Título: É um lixo só
Autor: Tahan, Lilian; Luiz, Edson
Fonte: Correio Braziliense, 22/06/2009, Poítica, p. 2

Governo dá mau exemplo e não se preocupa com a reciclagem, apesar de gastar R$ 220 milhões este ano para divulgar a causa ecológica. Mulher separa papéis, garrafas de plástico e latas no lixão do Centro Cultural do Banco do Brasil, perto de onde despacha o presidente Lula

Verde para vidro. Vermelho vai o plástico. No amarelo, o metal. O arco-íris do lixo ecologicamente correto é ignorado nas barbas do presidente Luiz Inácio Lula da Silva. As faixas coloridas dos contêineres estacionados em frente à sede provisória do poder no Centro Cultural do Banco do Brasil (CCBB) são decorativas. As moscas, abelhas e pombos que circundam os restos da burocracia denunciam a mistura de comida com vidro, plástico, metal, apesar de uma resolução federal obrigar o poder público a separar os resíduos e de o governo gastar milhões de reais para divulgar os benefícios da coleta seletiva.

As caçambas que guardam os restos do que se produz pelo mais alto escalão provam que o governo não se preocupa em cumprir a lei ou mesmo em dar o exemplo. Torra muito dinheiro com o argumento de divulgar as vantagens da reciclagem do lixo ¿ estão previstos R$ 220 milhões para a causa em 2009 , mas é incapaz do básico: separar os resíduos secos dos molhados.

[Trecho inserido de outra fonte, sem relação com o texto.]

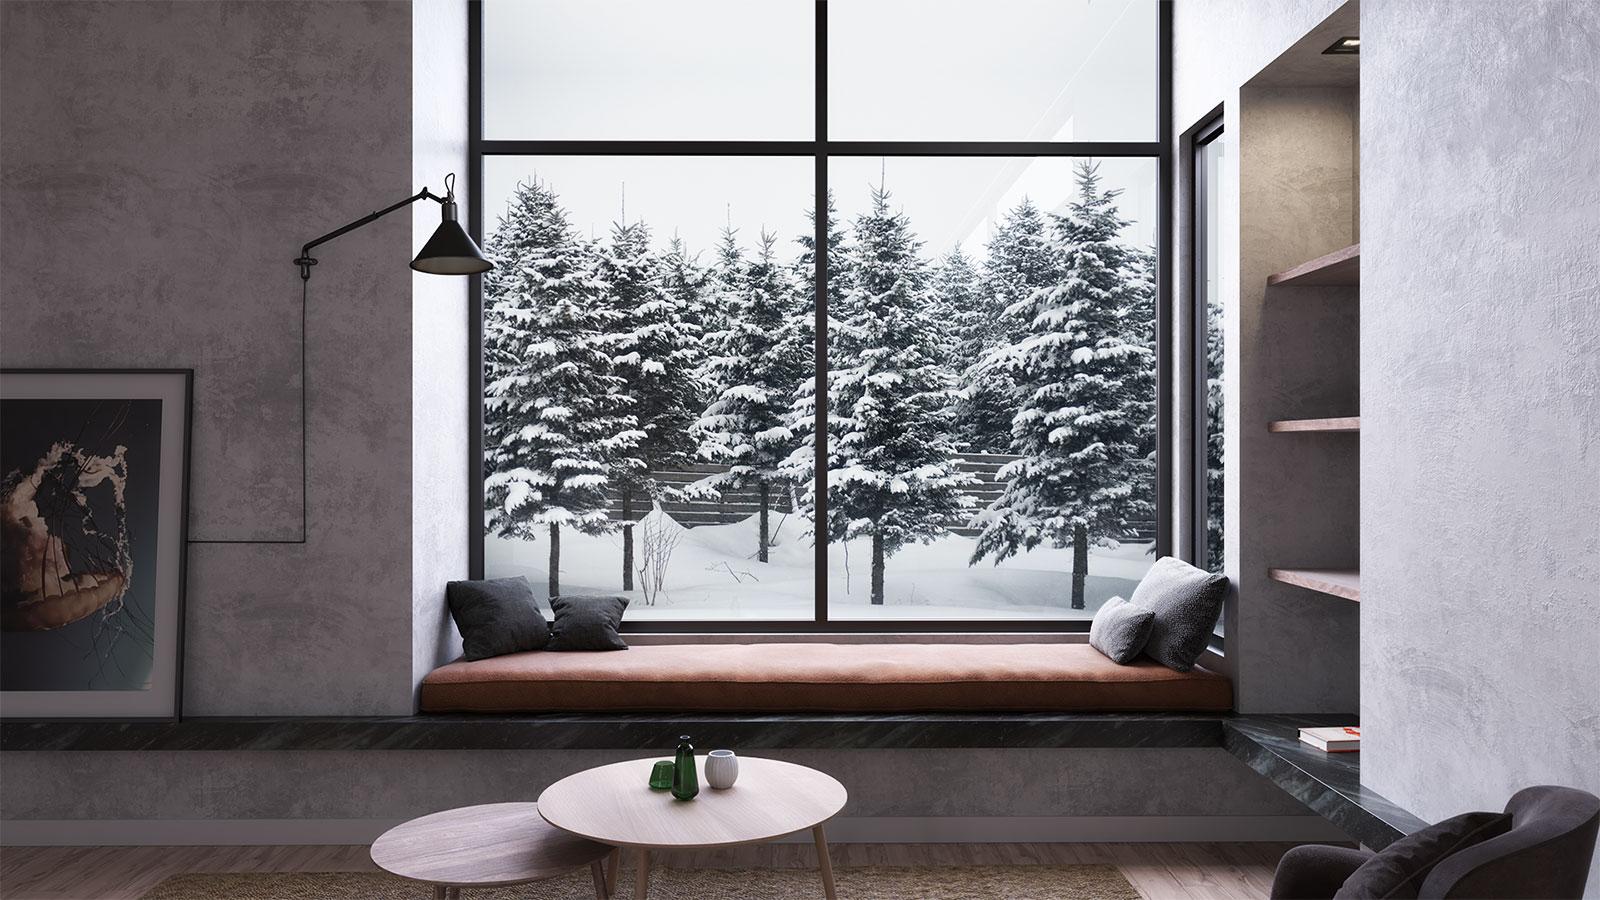 V1_snow

A resolução 275 do Conselho Nacional do Meio Ambiente, de abril de 2001, obriga os órgãos públicos a fazer a classificação dos detritos por um cardápio de cores.

Uma amostra do que o governo joga fora é depositada a céu aberto e sem controle do poder público a apenas dois quilômetros da Esplanada dos Ministérios, num terreno vizinho ao CCBB. No lugar, pelo menos oito famílias sobrevivem das sobras do poder. Catam, separam, vendem e consomem o que dá para ser aproveitado dos restos oficiais. No lixão, os catadores recolhem por mês quatro toneladas de papel, quase tudo de contêineres dos ministérios e do Congresso. Comem e dormem a alguns passos das pilhas de sujeira.

Nas últimas duas semanas, a reportagem do Correio vasculhou as caçambas de lixo de Esplanada e constatou que produtos recicláveis são armazenados junto a restos de comida, bebida, papel higiênico, mistura que contamina e compromete o reaproveitamento do material. Nem mesmo no CCBB há o hábito de separar o lixo seco do molhado. Na caçamba do vidro tinha quase tudo, menos vidro. Casca de banana, gomos de laranja, mamão, copos plásticos, papel higiênico, caixas de sucos, embalagens marmitex, grãos de arroz, assim como relatórios, pareceres, entre eles um borrado de café sobre saneamento em áreas indígenas do Brasil preparado pela Fundação Nacional Saúde (Funasa).

Dentro das latas de lixo dos ministérios também estão depositados um pouco da história do Brasil e até de cultura. Entre os restos da Esplanada, estão obras raras da literatura ou documentos oficiais com décadas de existência. Um relatório histórico enterrado em uma montanha de sobras expõe um compromisso de governo que nunca foi cumprido na íntegra. Trata-se de um plano datilografado de 16 páginas onde a então ministra da Ação Social Margarida Procópio propõe ao colega do Trabalho Antônio Rogério Magri a construção de habitações populares para resolver o problema da falta de moradia. Dezenove anos depois de redigido, o documento estava entre a papelada revirada por catadores que dormem debaixo de lona.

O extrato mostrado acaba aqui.